I think this is a myth, or at best relative, not all enterprises accept old for stability
Many enterprises want up to date and stable software, and since you are paying for stability, why shouldn't you get fairly recent and stable software
Most companies for example don't consider MS SQL 2016 as less stable than MS SQL 2008 or 2012, most users expect the same level of stability from the latest SQL Server than from earlier version, if not more because it's newer and more advanced, might as well be more stable
I didnt use RedHat in a while, so I dont know how bad the situation is , I hope it is not too bad
Nobody running a thousand of anything uses the first release of $X, whether $X is a database or window manager or kernel or router firmware
SQL Server 2016 may be better than SQL Server 2008, but enterprises aren't deploying it until it has baked a few months, and maybe sp1/sp2/some major rollup ships for all the bugs the suckers find at rollout
I have software that I need to run for about 5 years. It is certified on Red Hat Linux 6 not 7. I'm not unique. Heck, we had to keep copies of IE 6 running up until a year ago for one testing vendor[1]. I, like a lot of others, need stability and paperwork not new.

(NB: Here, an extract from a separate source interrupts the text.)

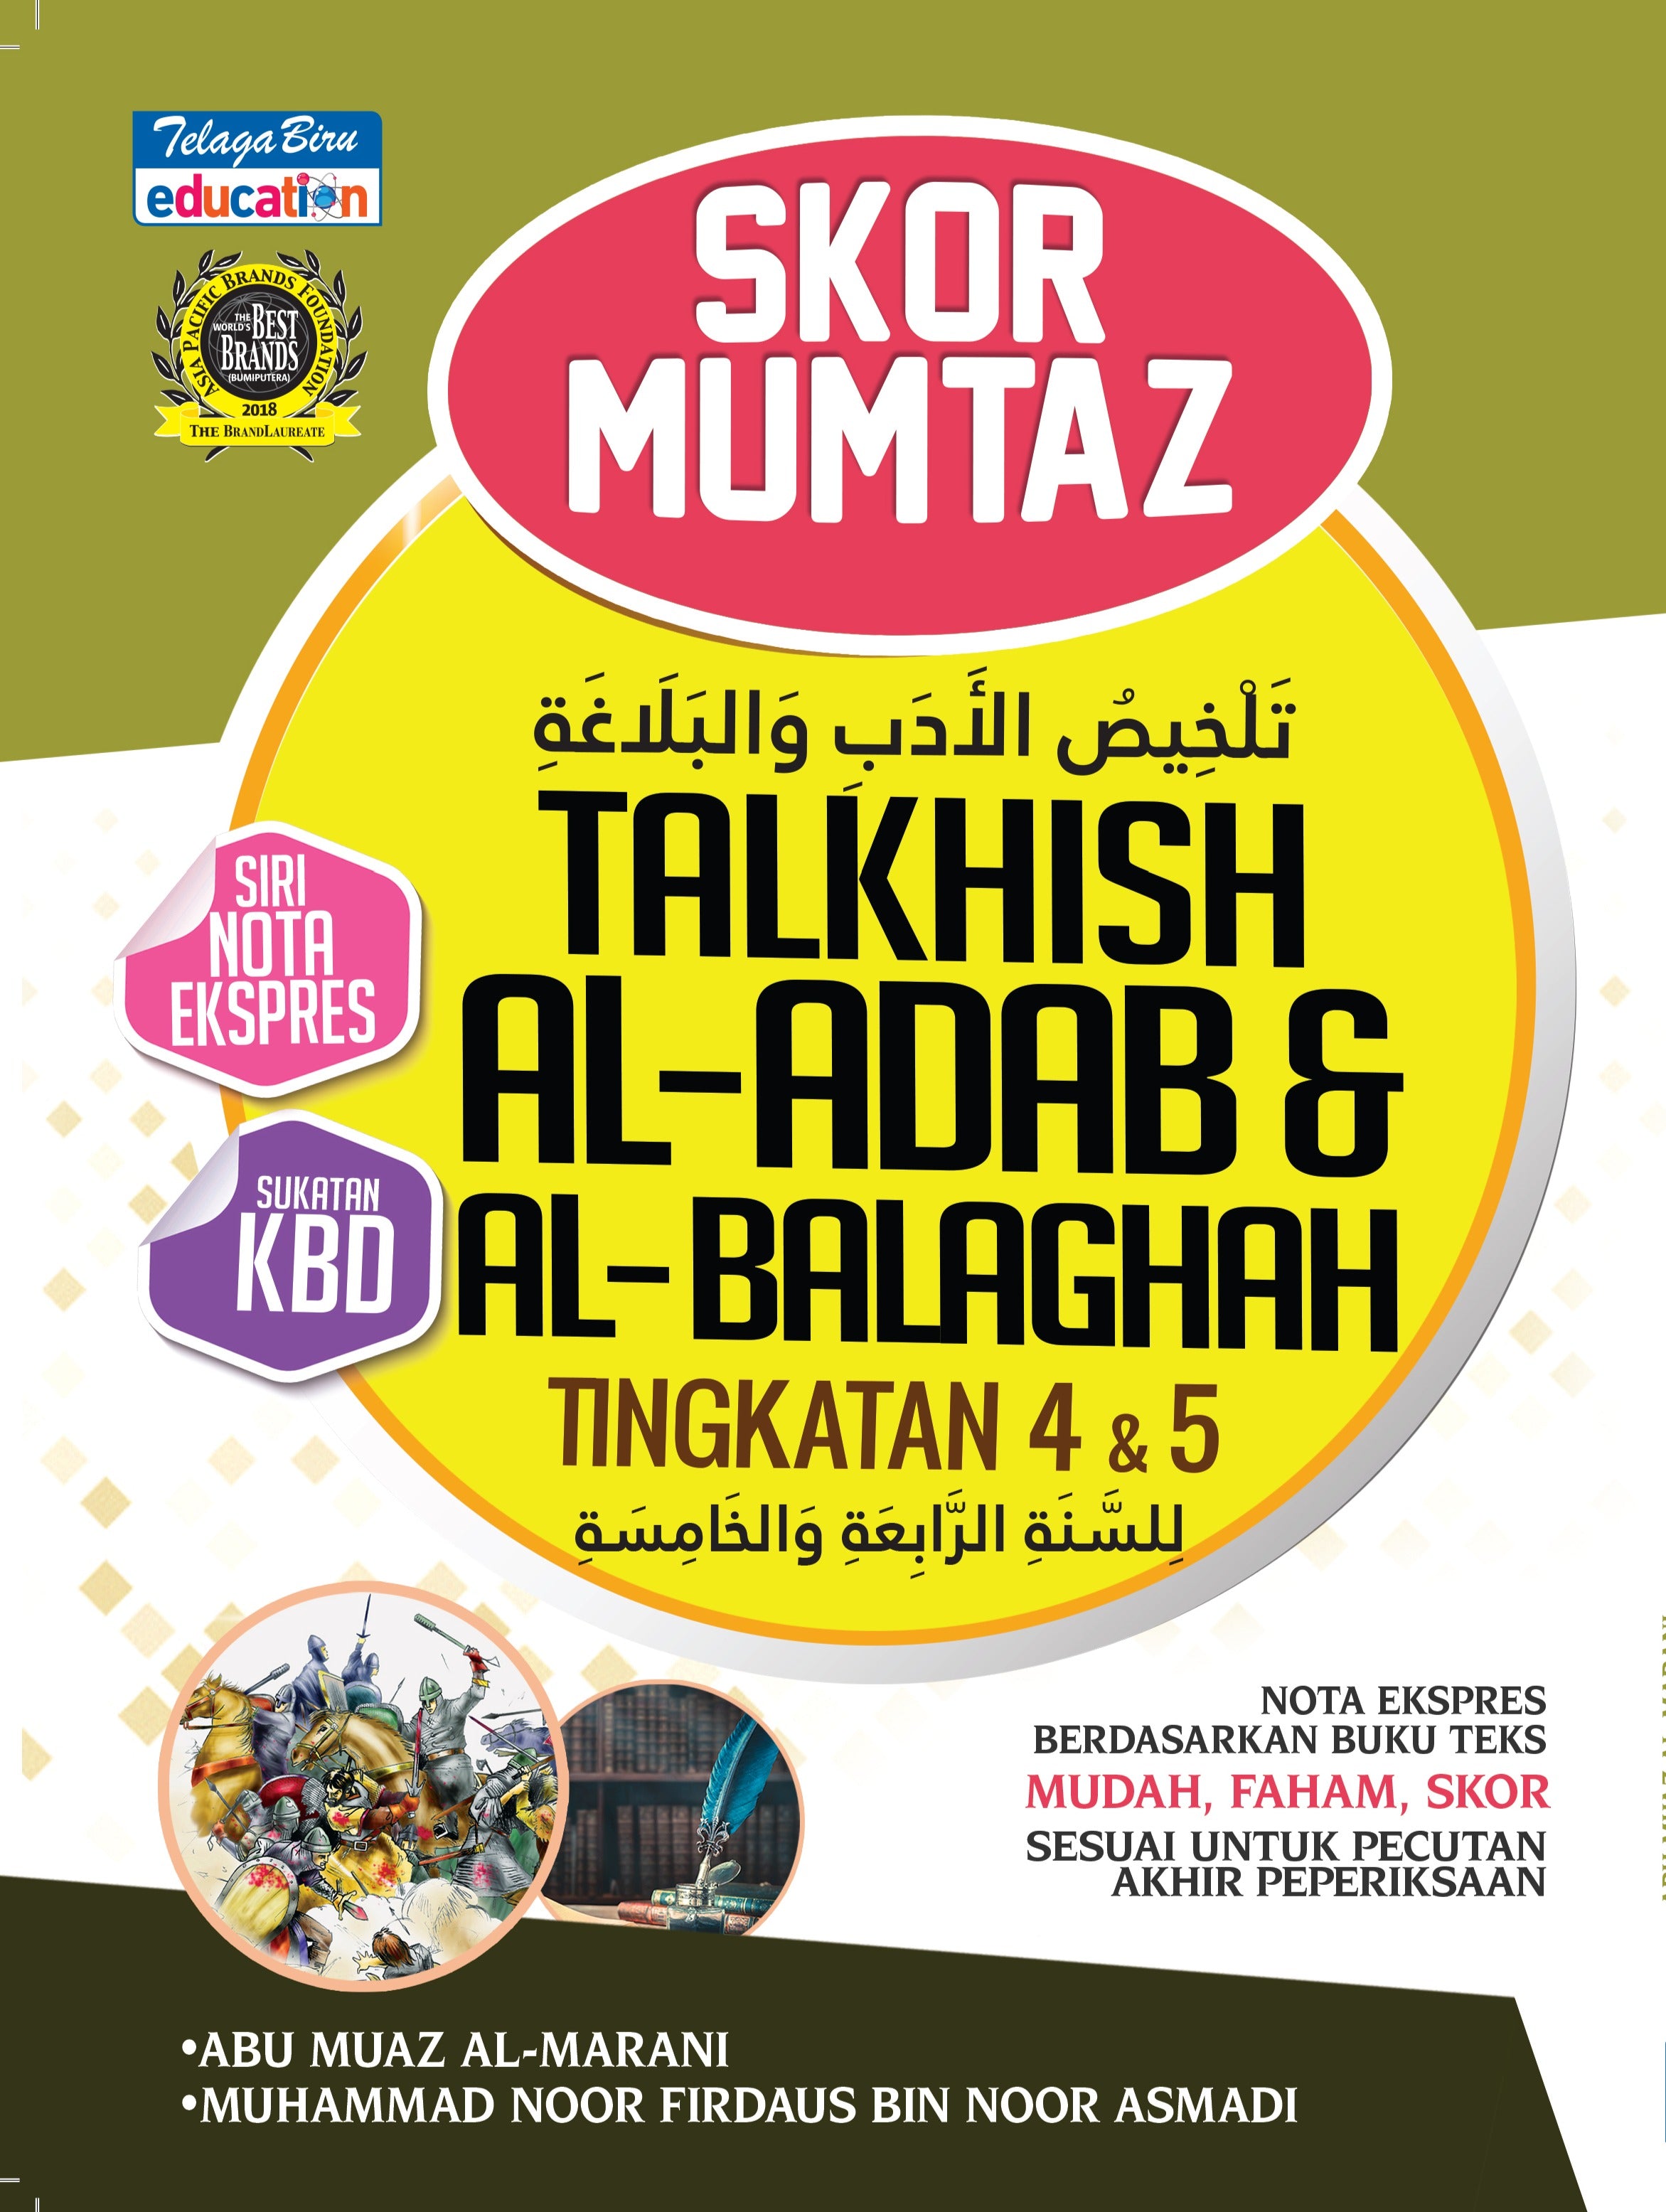 Skor Mumtaz Talkhish Al-Adab & Al-Balaghah Tingkatan 4&5 - (TBBS1179)

Frankly, having a lot of new companies adopting a mantra of "move fast, break things" makes me want to 'upgrade' less and less. I need stuff working at Monday at 1PM for the weekly test offering not some oops.
1) deep freeze or virtual machines are your friend.
With things like Software Collections and IUS you get to run the latest stuff on a rock-solid base. I don't want to upgrade my kernel to get a newer Python or NodeJS release!
Software Collections are honking great, I'm actually looking at moving one of my Python 3 apps from Fedora to CentOS purely because it requires a version of Firefox that supports the Java plugin (selenium script that has to use a page with a java applet...) - since RHEL/CentOS stick with ESR releases I'll at least have 18 months to hope the applet goes away.
Ditto this. We run the power grid on RHEL and the latest and greatest features are far down our list of wants. Stability, security, and support; yeah, we'll take those. ;)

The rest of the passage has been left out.